§ Supplied material:
━━━━━━━━

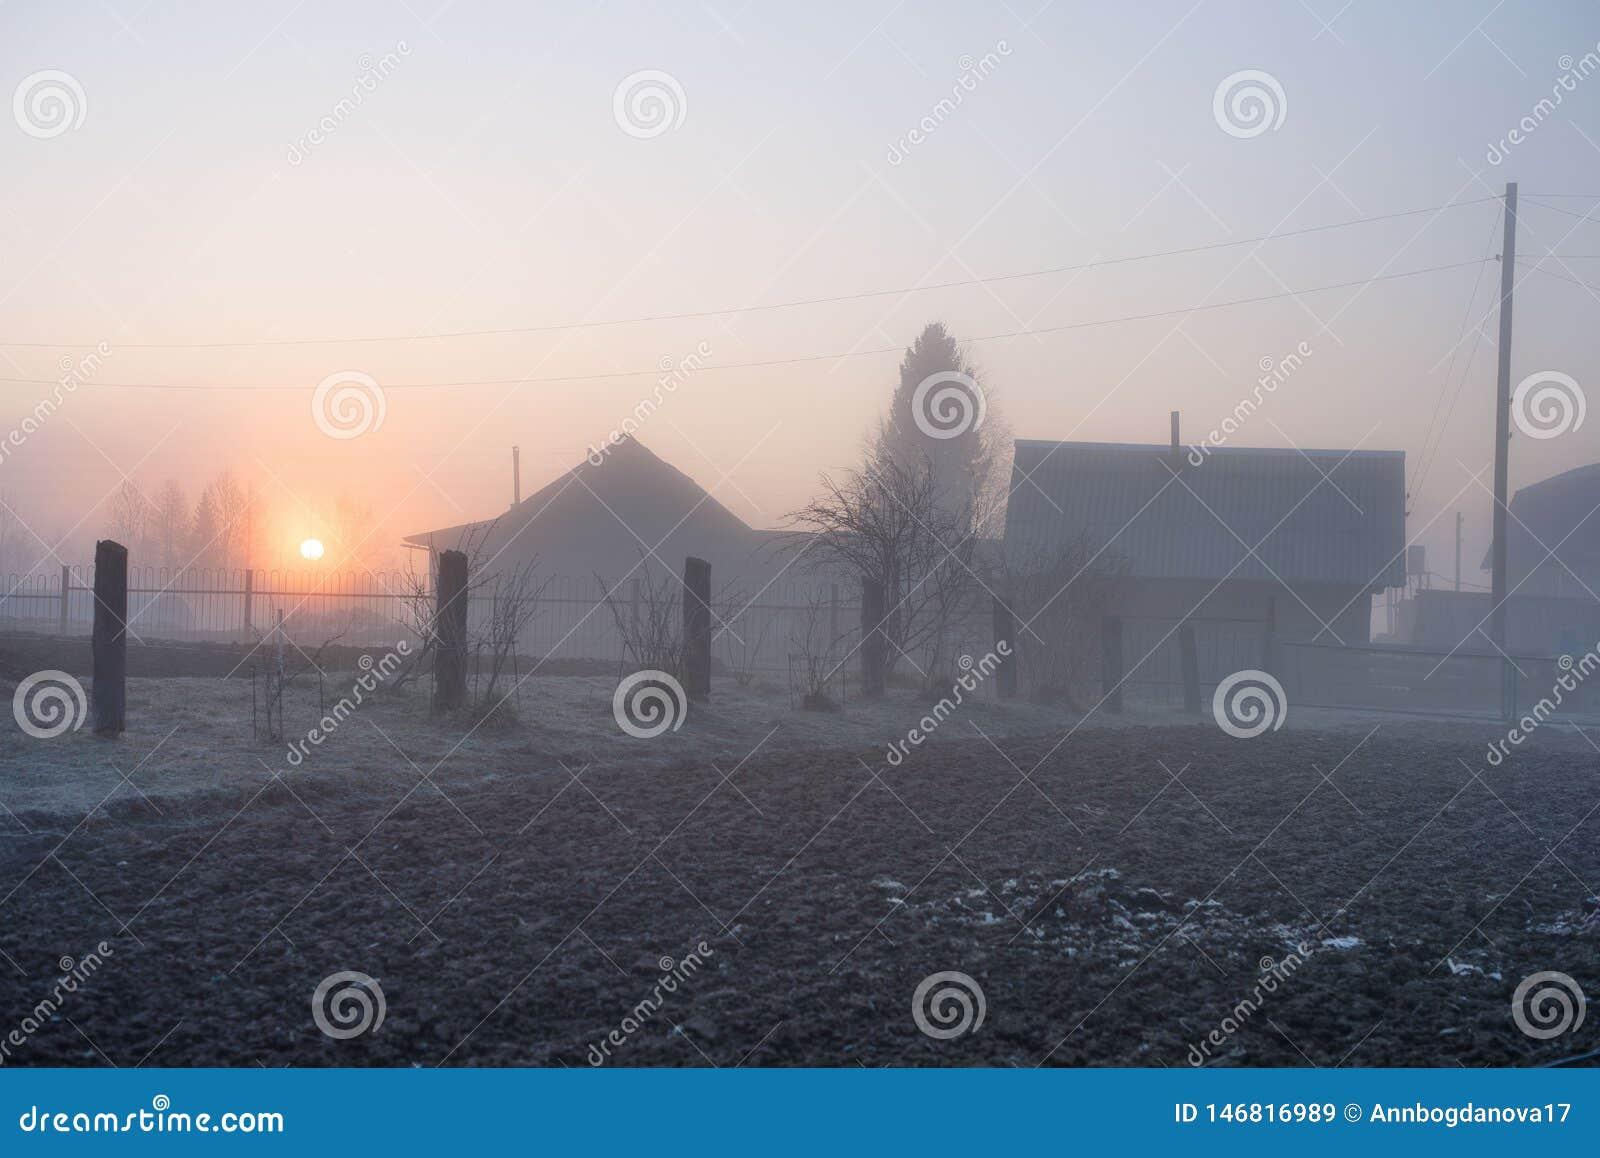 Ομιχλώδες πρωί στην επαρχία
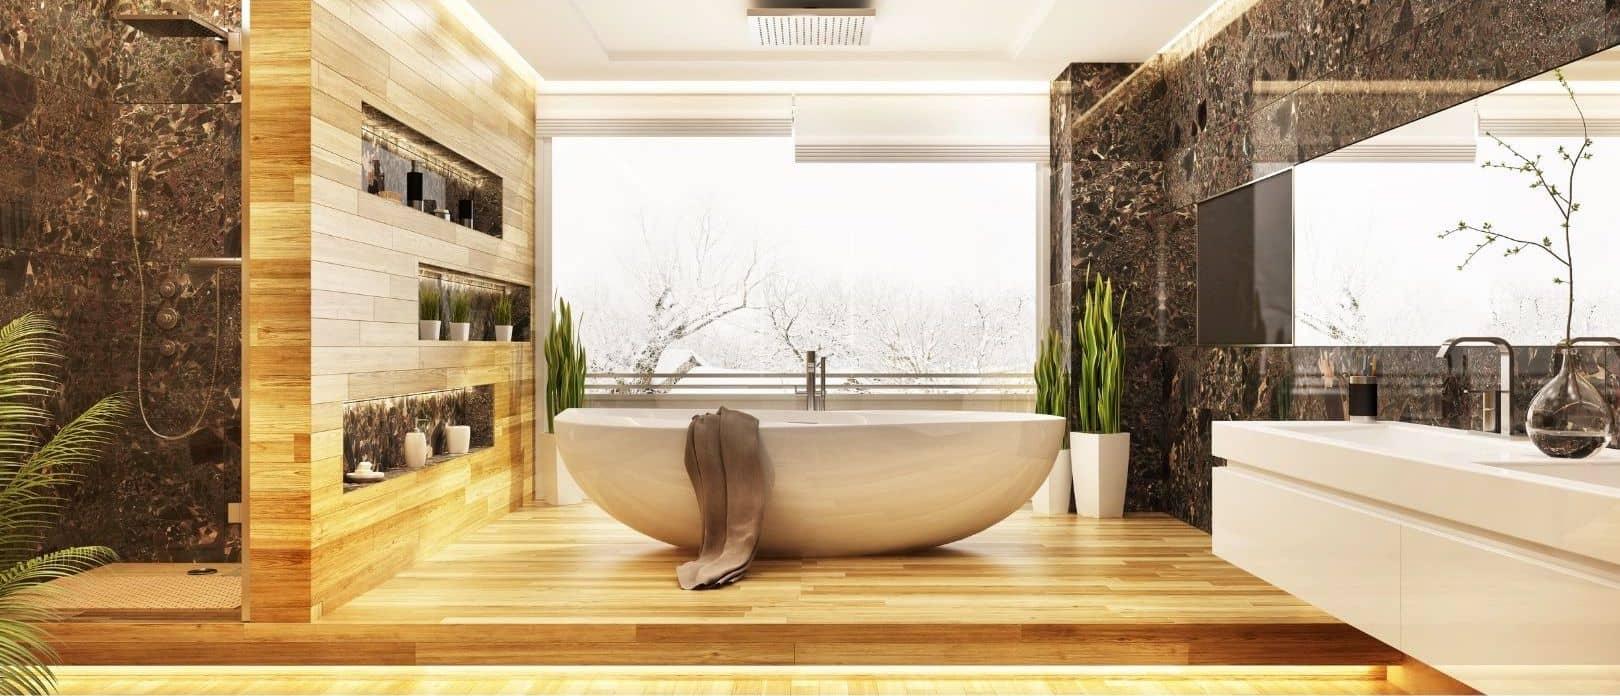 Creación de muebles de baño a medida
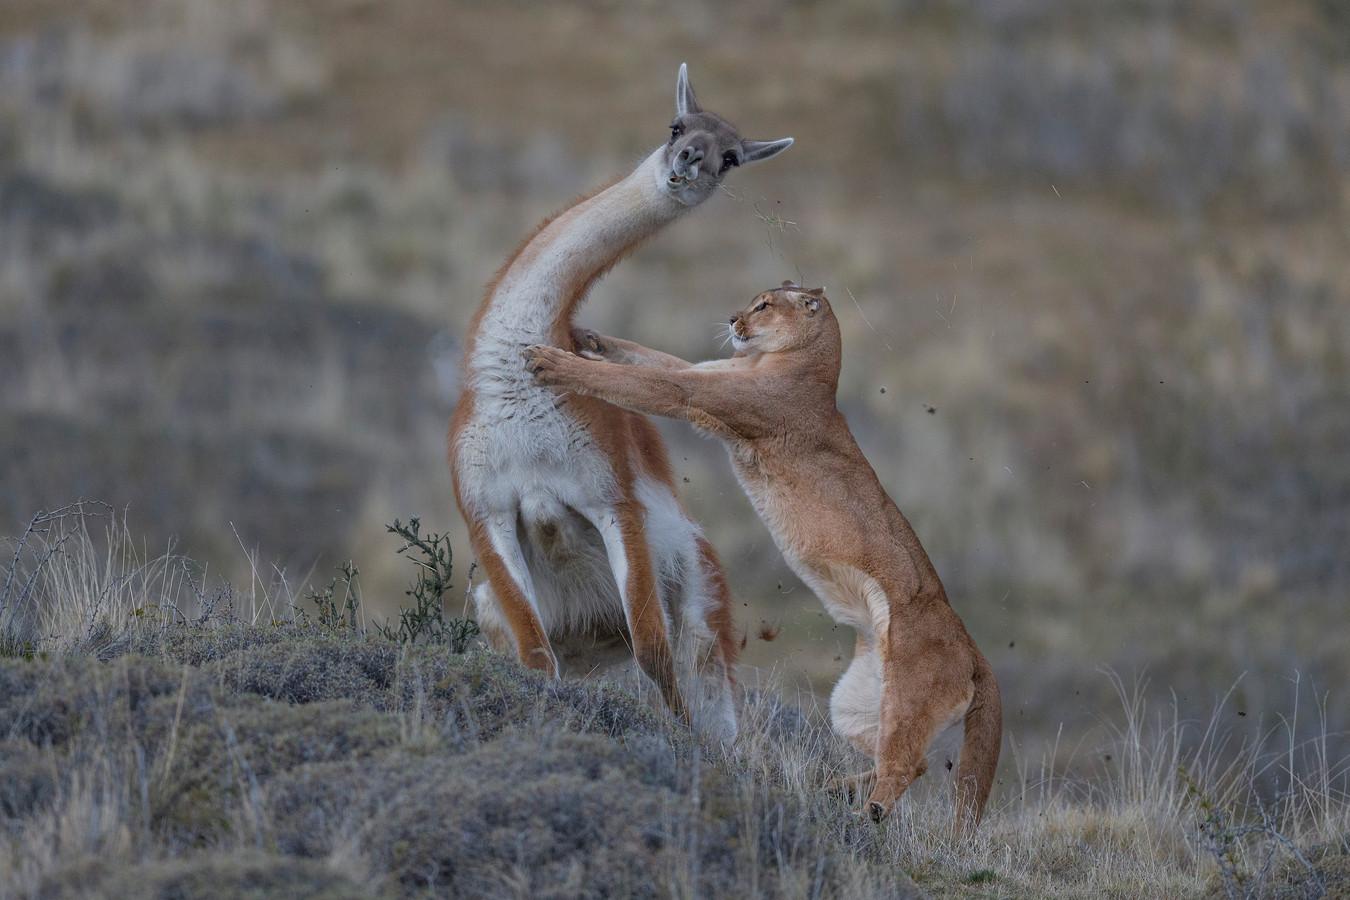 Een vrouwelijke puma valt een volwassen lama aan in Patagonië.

━━━━━━━━

§ Task requirements: The result should be every line of the data, reproduced exactly, with the images removed.

§ Solution for this problem:
 Ομιχλώδες πρωί στην επαρχία
 Creación de muebles de baño a medida
 Een vrouwelijke puma valt een volwassen lama aan in Patagonië.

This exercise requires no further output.